Singapore's placenta-eating mums claim practice benefitted them

Singapore's placenta-eating mums claim practice benefitted them
After giving birth to her daughter Chanel Elizabeth Seah (right) in September last year, Ms Nathalie Chow made her placenta into pills and ate them.

SINGAPORE - Business manager Nathalie Chow believes she flouted traditional confinement practices for new mothers and got away with it without falling ill because she ate her own placenta, which was made into pills.

The 29-year-old says: "Old folks say the goodness of your body should be kept within the body. After birth, you lose the 'qi' or energy. Taking your own placenta restores it."

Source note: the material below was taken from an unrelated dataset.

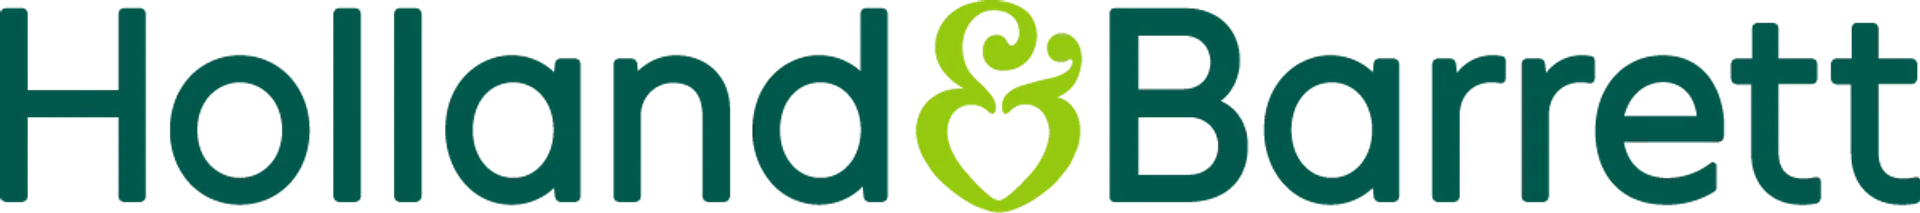 HOLLAND & BARRETT logo. Current catalogue
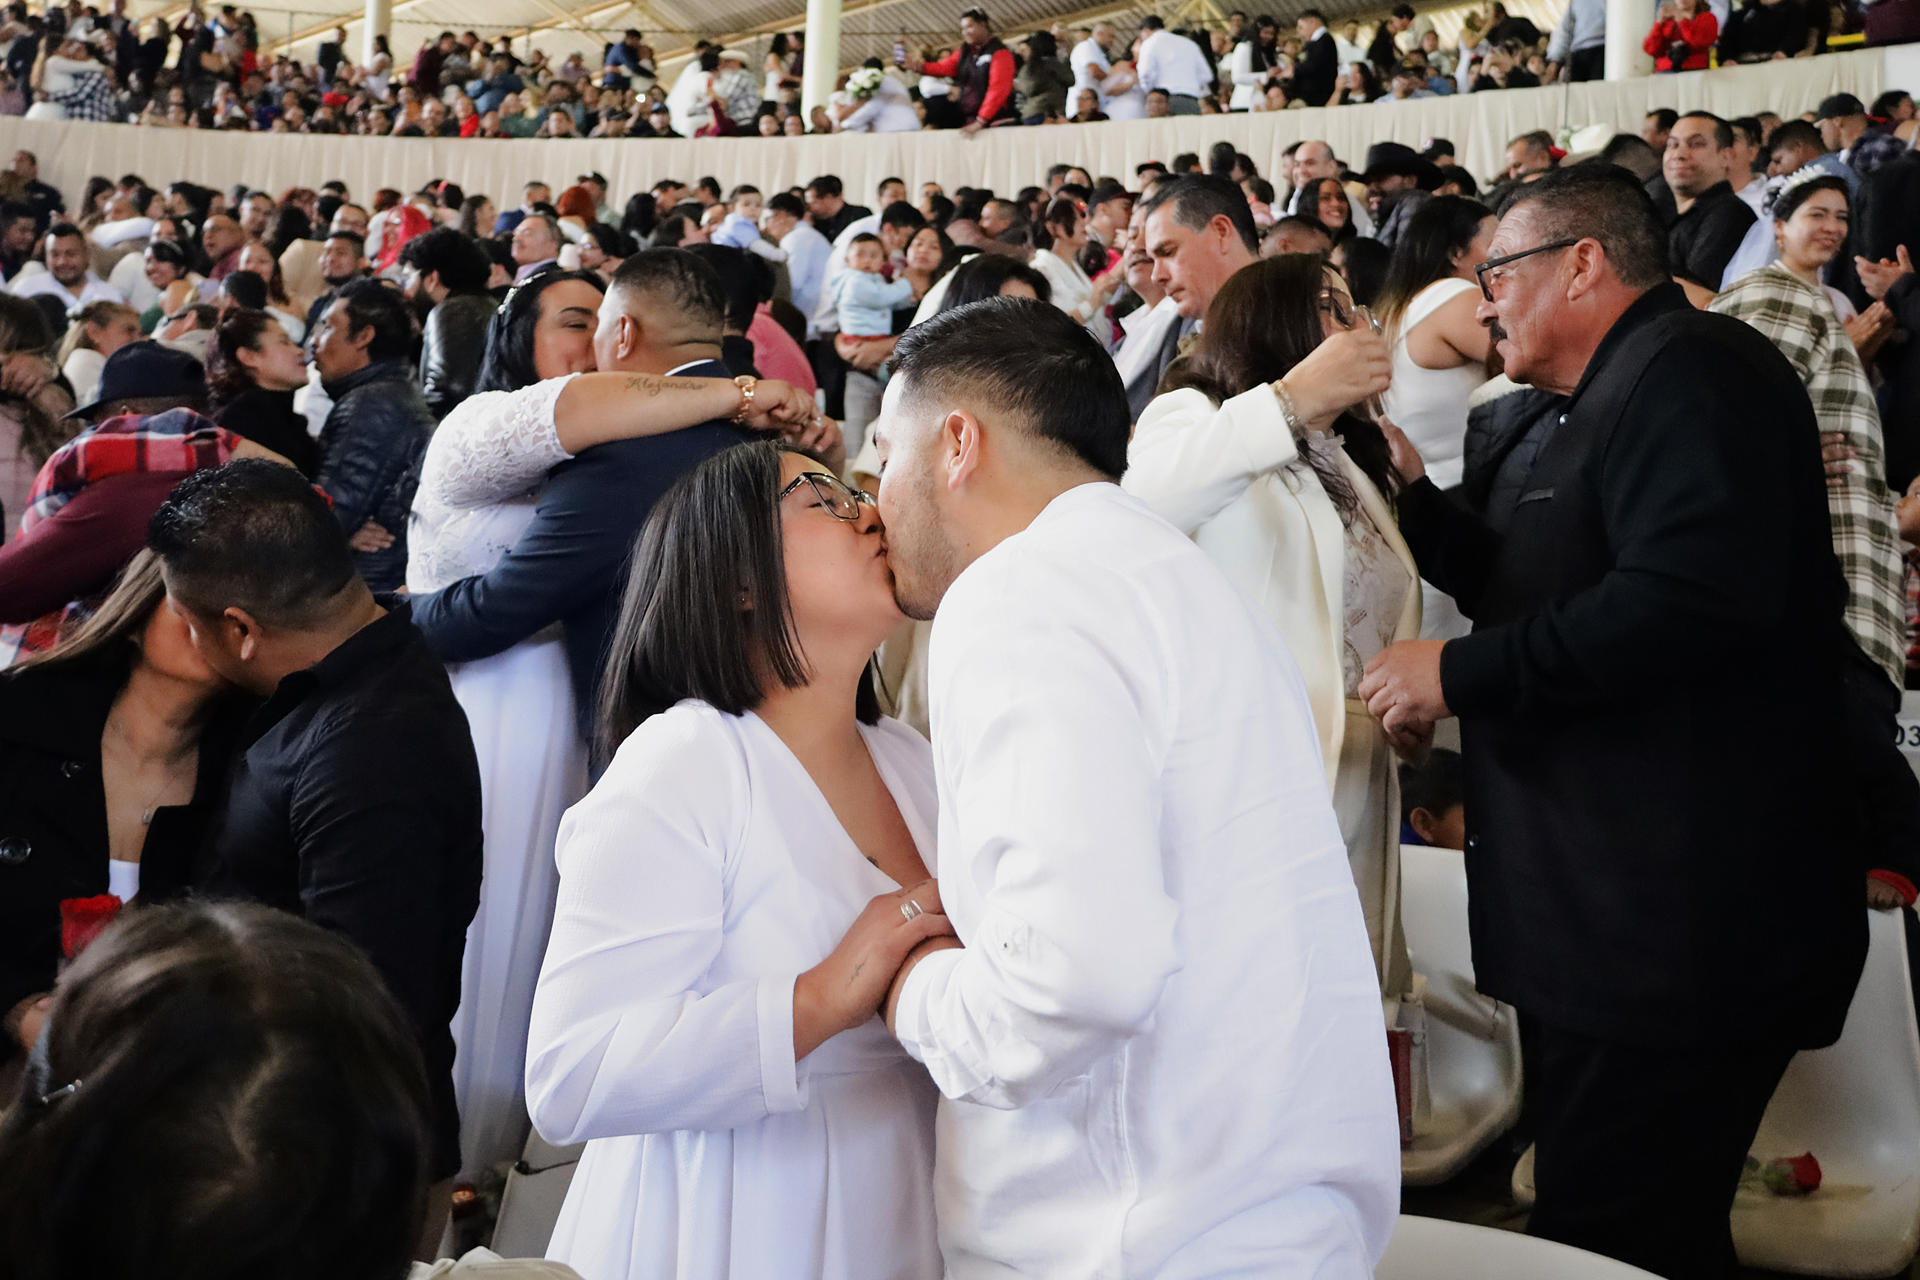 Parejas se besan al contraen matrimonio este miércoles durante una boda colectiva en la ciudad de Tijuana, Baja California (México). EFE/Joebeth Terriquez

Private tutor Vanessa Teo, 36, says the difference between taking and not taking the pills was stark for her.

Nine years ago, after giving birth to her first child Gabriel, she was "exhausted" for two months, had body aches and felt dizzy.

It was different after the birth of her second child Naomi, now five. She got her confinement nanny to clean, steam and dry the placenta before asking Eu Yan Sang to process it into pills.

"I was back to my normal self within a week and was not breathless and didn't feel so dizzy."

The placenta is the organ through which oxygen and nutrients are transferred from the mother to the foetus during pregnancy. It is rich in iron and proteins.